I received a phone call this afternoon (Thursday) from a friend of mine.

She became a friend of mine when I was her preacher's wife.  And she was the parsonage committe chairman so I really got to know her well over the years.

She phoned me today to tell me that her daddy is dying.  And this woman, grown and married for over 20 years, told me that it gave her strength to know that my children know how she feels.  She's the second grown woman in the middle of a death of a parent who has told me that... that if they, as young children, can make it through it - so can she.

She also told me that something my late husband said a lot when he was her preacher has helped her through this very difficult time.  

I am good friends with her family too.

Her dad brought a cooler full of ice on the day Rob died and he kept refilling it every day for a week or so.

Her mother brought food and comfort.

Her father loves being a Ruritan.

Her mother loves snowmen.  When I looked for a Christmas gift for her, I tried to find snowmen items.

Her father loves to talk.

Details I know from getting to know them.  Details I know from being a part of their lives.

And them a part of mine.

That's what happens with friends.

I still remember the glistening tears in their eyes the first time I saw them after Rob's death.

I went to the Hospice Home tonight to see my friends.

And to wish him "farewell."

My friend who had called me was so happy that I came.

The visit with her dad was beautiful, peaceful, and even through the sound of his rattling lungs as he struggled to breathe, it was a visit full of grace.

And he still likes to talk.

He told me how good it was to see me.

He said he didn't want to go without seeing me - that he wanted to see all of his friends 

and I was one of them.

I told him that I was honored that he counted me as one of his friends he wanted to see before he left us.

He told me how much my late husband had meant to him and that Rob was "such a sweet man."

He told me that our family and our ministry meant a lot to him.

He told me he had thought about me and my children so much lately.

I told him Wesley will be 13 on Sunday.  He couldn't believe Wesley is that grown up.

We talked about how God will take care of his family and how sad he is to be leaving them.

He will be leaving behind a wife, a grown daughter and son-in-law, and a grown son.

We talked about death.  

We talked about what matters now - the love of God.  

I told him to tell Rob I said hello, that we miss him, and that we're doing okay.

And as we talked about Heaven, I told him I am a little jealous of him.  

He will get to be with Jesus soon and will get to see Rob and all of the other loved ones he knows who are already there.  He will be at peace.

It was tough to say goodbye knowing it might be the last time.  

He didn't want to let go of my hand - so I didn't let go either - and we talked a little longer.

I kept making him laugh with things I would say - which made it harder for him to breathe.

So I had to try to stop making him laugh - but it was good to see him smile.

And as I did say goodbye and that I love him, I told him I would try to get back to see him.

He grinned and said he would see me - either here or there.

I said, "That's right, I will see you one way or the other."

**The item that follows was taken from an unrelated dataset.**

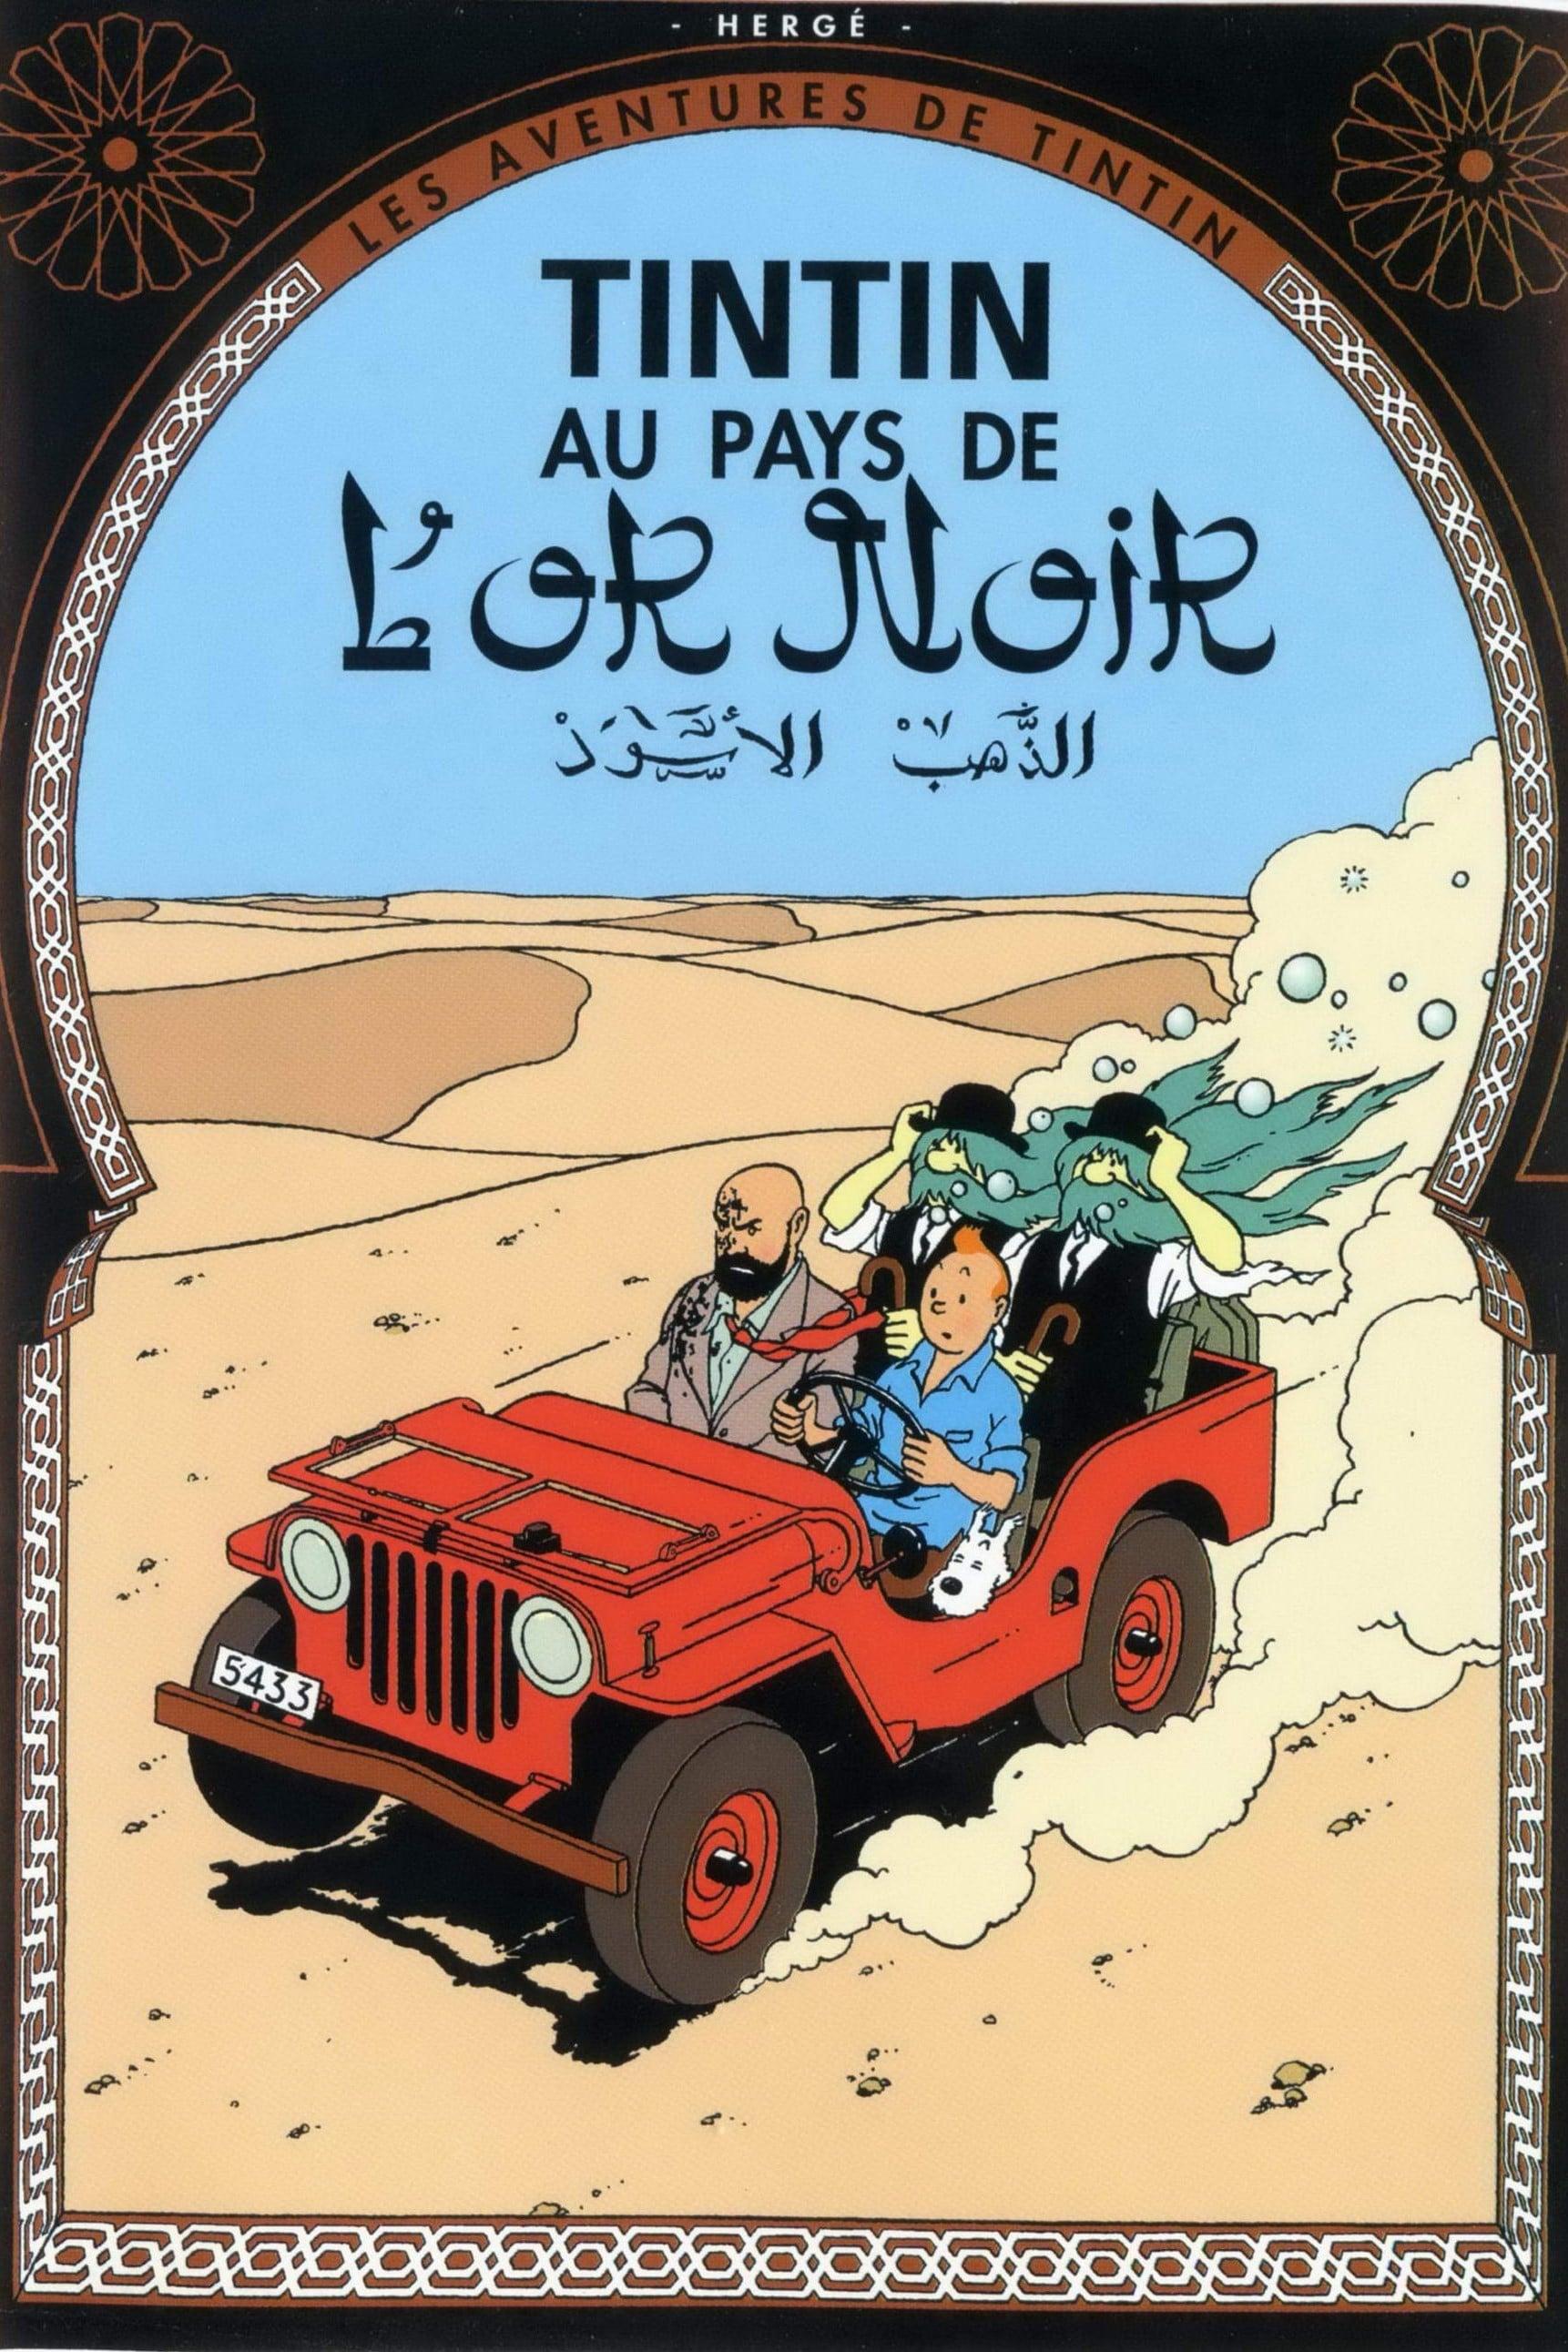 Les Aventures De Tintin 13 Au Pays De L'Or Noir - 1992

I watched his wife as I turned around and I saw in her eyes how tired she is - and how sad.

But I also saw strength.  And because I know her and because I know of her trust in God, I know she will survive.  And I know God will help her.

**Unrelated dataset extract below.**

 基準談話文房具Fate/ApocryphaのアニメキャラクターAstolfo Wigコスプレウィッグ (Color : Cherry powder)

He had told them all (his sister, his wife, his daughter, and his son) that he wanted them to go home for the night so they were leaving.  None of them had eaten and they invited me to go with them to get some supper (it was almost 9 p.m.) and I went.  And even though it was in sad circumstances, it was good to be with them.  It was good to be there in their time of need and it was good to see them.

And on a personal note, it was good to be with church members who remember our ministry - people with whom I have a history - people who know me.  It was good to be with church members with whom I can reminisce about things my Rob said or did.  In fact, they were the ones who brought up his name first and because they miss him too- they reminisced right along with me instead of looking at me like they are tired of hearing it or that I really should be "over it" by now.

It was good to be with people to whom my presence mattered.